- Date: 17 April 1994
- Site: World Congress Centre, Melbourne, Victoria
- Hosted by: Ray Martin

Highlights
- Gold Logie: Ray Martin
- Hall of Fame: Charles "Bud" Tingwell
- Most awards: Police Rescue and Mother and Son (3)

Television coverage
- Network: Nine Network

= Logie Awards of 1994 =

The 36th Annual TV Week Logie Awards was held on Sunday 17 April 1994 at the World Congress Centre in Melbourne, and broadcast on the Nine Network. The ceremony was hosted by Ray Martin and guests included Michael Crawford and Grant Shaud.

==Winners==
===Gold Logie===
- Most Popular Personality on Australian Television
Winner: Ray Martin in Midday (Nine Network)
Other Nominees: Gary Sweet, Dieter Brummer, Daryl Somers

===Acting/Presenting===

- Most Popular Actor
Winner: Gary Sweet in Police Rescue (ABC TV)
Other Nominees: Shane Porteous in A Country Practice, Dieter Brummer in Home and Away

- Most Popular Actress
Winner: Sonia Todd in Police Rescue (ABC TV)
Other Nominees: Rebecca Gibney in All Together Now, Melissa George in Home and Away

- Most Outstanding Actor
Winner: Garry McDonald in Mother and Son (ABC TV)
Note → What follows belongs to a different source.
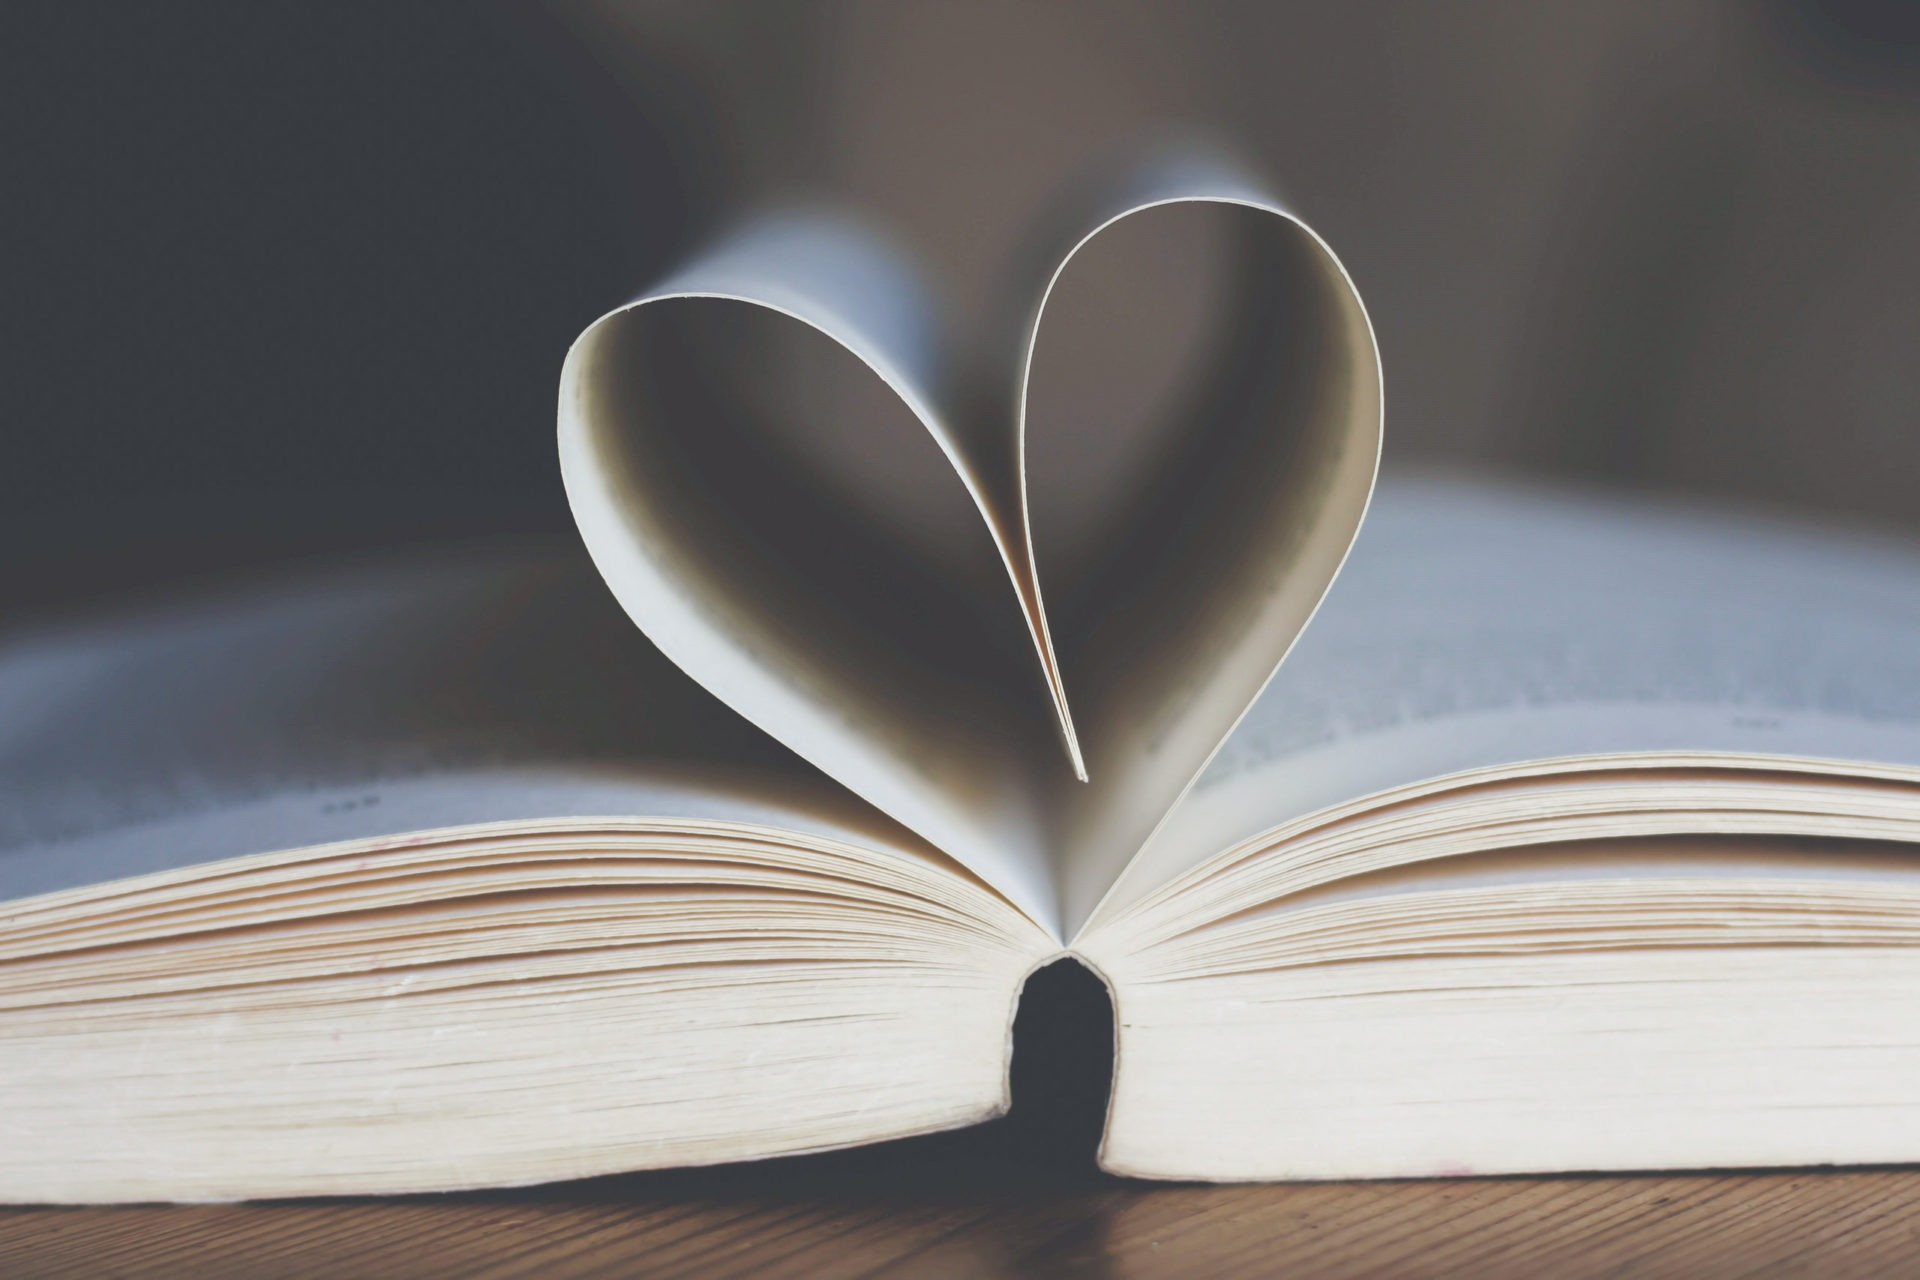 book 3998252linus schutz pixabay 7 - Les globe blogueurs - blog voyage nature

- Most Outstanding Actress
Winner: Ruth Cracknell in Mother and Son (ABC TV)
Other Nominees: Denise Roberts in G.P. (ABC TV), Jacqueline McKenzie in Stark (ABC TV)

- Most Popular Comedy Personality
Winner: Ruth Cracknell in Mother and Son (ABC TV)
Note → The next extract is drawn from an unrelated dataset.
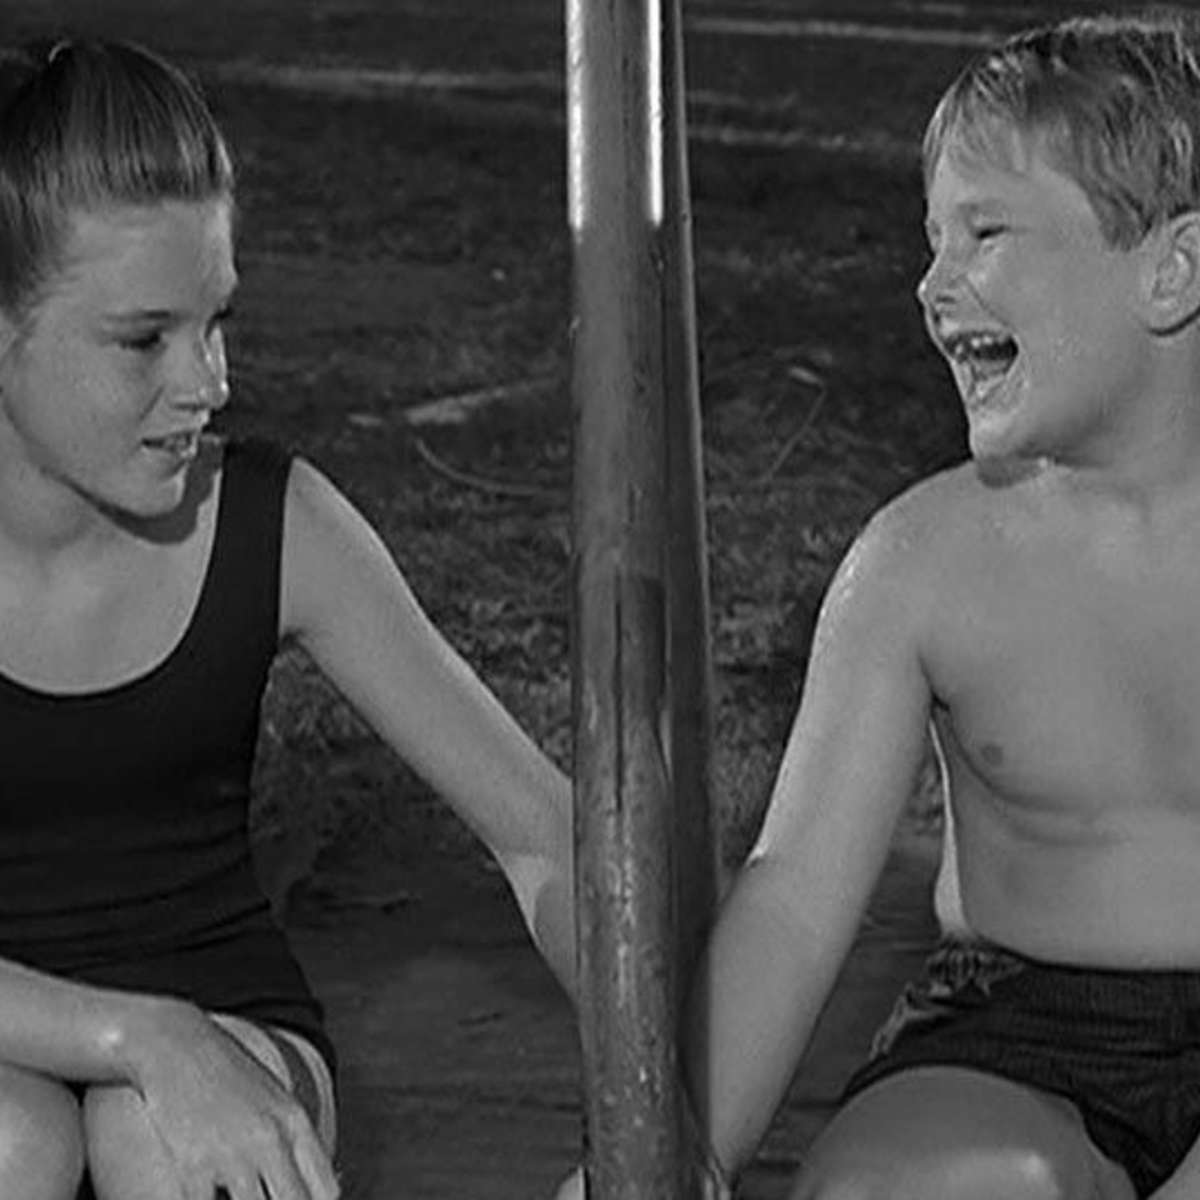 Twilight Zone The Bewitchin' Pool hero

- Most Popular Light Entertainment Personality
Winner: Ray Martin in Midday (Nine Network)

- Most Popular New Talent
Winner: Melissa George in Home and Away (Seven Network)

===Most Popular Programs===

- Most Popular Series
Winner: Home and Away (Seven Network)
Other Nominees: A Country Practice, G.P.

- Most Popular Drama
Winner: Police Rescue (ABC TV)
 Other Nominees: Law of the Land, Snowy

- Most Popular Light Entertainment Program
Winner: Hey Hey It's Saturday (Nine Network)
Other Nominees: The Late Show, Ray Martin at Midday

- Most Popular Comedy Program
Winner: The Late Show (ABC TV)
Other Nominees: Hey Hey It's Saturday (Nine Network), Mother and Son (ABC TV)
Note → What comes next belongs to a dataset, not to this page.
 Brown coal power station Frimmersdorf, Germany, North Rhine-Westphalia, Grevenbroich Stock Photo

- Most Popular Public Affairs Program
Winner: Real Life (Seven Network)
Other Nominees: A Current Affair, Hinch

- Most Popular Lifestyle or Information Program
Winner: Burke's Backyard (Nine Network)

- Most Popular Sports Program
Winner: AFL Grand Final (Seven Network)

- Most Popular Children's Program
Winner: Agro's Cartoon Connection (Seven Network)

===Most Outstanding Programs===

- Most Outstanding Achievement in Drama Production
Winner: Phoenix II (ABC TV)

- Most Outstanding Achievement in Comedy
Winner: The Late Show (ABC TV)
 Other Nominees: Mother and Son (ABC TV), Full Frontal (Seven Network)

- Most Outstanding Achievement in News
Winner: "Sydney 2000 Announcement" (Nine Network)

- Most Outstanding Achievement in Public Affairs
Winner: "Ships of Shame", Sunday (Nine Network)

- Most Outstanding Documentary Single or Series
Winner: Labor in Power (ABC TV)

- Most Outstanding Achievement by a Regional Network
Winner: Rest in Peace (Prime Television)

==Performers==
- David Dixon
- Caroline O'Connor
- Abi Tucker
- Randy Crawford
- Gary Sweet
- Jon English
- Larry Emdur
- Steady Eddy
- Matthew Krok
- Rebecca Gibney
- Kimberley Davies
- Shirley Strachan
- Ronnie Burns
- Derryn Hinch
- Jane Hall
- Mark Mitchell
- Stan Grant
- Ann-Maree Biggar

==Hall of Fame==
After a lifetime in Australian television, Charles "Bud" Tingwell became the 11th inductee into the TV Week Logies Hall of Fame.